Любопытно, что это воспроизводство — как обычно, с особой наглядностью — проявляется и на поверхности литературного быта. В условиях, когда не то что незапамятный РАПП, но и Союз советских писателей с его культом единого коллектива как распределителя лавров и определителя критериев кажутся невозвратным анахронизмом, заменясь, впрочем, тем, что получило хлесткое имя «тусовка».

В чем различие — или сходство — коллектива и тусовки?

Первый — это уверенность, что режим, которому ты присягнул, вечен. Вторая — нервное опасение не уловить момента. Венец коллектива — парт- или профсобрание, где само неприсутствие — вызов единодушию (отчего, конечно, не героическими, однако и не смешными были уловки тех, кто не пришел на судилище над Пастернаком или иную подобную акцию). Венец тусовки — пресловутая презентация, хотя тут как раз проступает и общность: та же стадность, тот же страх, что в следующий раз не позовут, не назовут, не запечатлеют.

Но пуще того. Коллектив — во всяком случае говоря об области творчества — был фантомом, от имени коего вещало начальство, как его единогласие было фантомной имитацией единомыслия. Стадо, подгоняемое кнутом, — да, но никак не воплощение коллективного разума. Самоорганизующаяся тусовка сделала то, что не было под силу властям. Появилась возможность говорить о некоем действительно коллективном сообществе, даже если и разделенном на ряд квазиобособленных групп. Возник обезличенно-обобществленный стиль (или стёб), обнаружилась общая боязнь быть уличенным, допустим, в старомодности вкусов, и все это тем заразительнее, что, в отличие от коллектива, тусовка — происхождения словно бы благородного. Словно бы диссидентского.

В самом деле! Сплачивались — в андеграунде, в подполье, локоть к локтю сбитые-скученные враждебным давлением официоза; там, где не до счетов, кто талантлив, а кто и не слишком. Теперь же, на поверхности, когда пора, если не размежеваться, то разобраться, кто чего стоит, продолжается имитация «школы», «группы». И вот Тимур Юрьевич Кибиров (р. 1955), едва ли не самый общепризнанно яркий из поэтов «другой литературы», вспомнив с естественной благодарностью к общему прошлому литературное единомыслие с тем же Приговым, стыдливо выдавливает из себя: «Пожалуй, вот мое желание: чтобы кто-то читал мои стихи ровно так, как я читал в свое время Тютчева, чтоб это было событием для человека, чтоб это помогало жить, в конце концов. Все это страшно сейчас проговорить, потому что сразу найдутся люди, которые посмеются над проблемой „искусство — жизнь“, напомнят, что искусство — это „игра“».
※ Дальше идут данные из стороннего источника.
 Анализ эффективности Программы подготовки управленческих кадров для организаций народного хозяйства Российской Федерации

Словом: «Я хочу попытаться остаться традиционным поэтом и „чувства добрые лирой пробуждать“. (Я рискую свою репутацию авангардиста свести совсем на нет.)».

«Я рискую… Страшно…». Страшно — не очутиться в том длинном ряду, в котором среди головных — Тютчев, а перестать быть в одном ряду с Приговым.
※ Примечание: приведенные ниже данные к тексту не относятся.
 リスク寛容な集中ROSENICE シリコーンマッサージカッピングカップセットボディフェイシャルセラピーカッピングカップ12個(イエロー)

Что ж, тем, значит, неотвратимее тяга на простор, открытый русской литературной традицией. Тем невыносимее сознавать исчерпанность поэтики, замешанной исключительно на «нарочитой эклектике», на «игре с кичем и масскультурой», на «заведомой пародийности любых утверждений»…

Но в том-то и дело, что она — не исчерпана! Сама эстетика, достаточно условно именуемая постмодернистской, не может быть в ответе за тех, кто использует ее слишком прямолинейно. Проще сказать, она не высосана из пальца, являясь порождением эпохи кризиса общества и его искусства.

В 90-е годы и ближе к новому рубежу веков появилась — в частности, как доказательство этого — поздняя проза исторического романиста Юрия Владимировича Давыдова (1924–2002). Настолько отчетливо игровая, насыщенная пародийностью и каламбуристикой, что не зря тут же было отмечено энтузиастами влияние на нее именно постмодернизма. Мол, нешего полку прибыло! И в самом деле…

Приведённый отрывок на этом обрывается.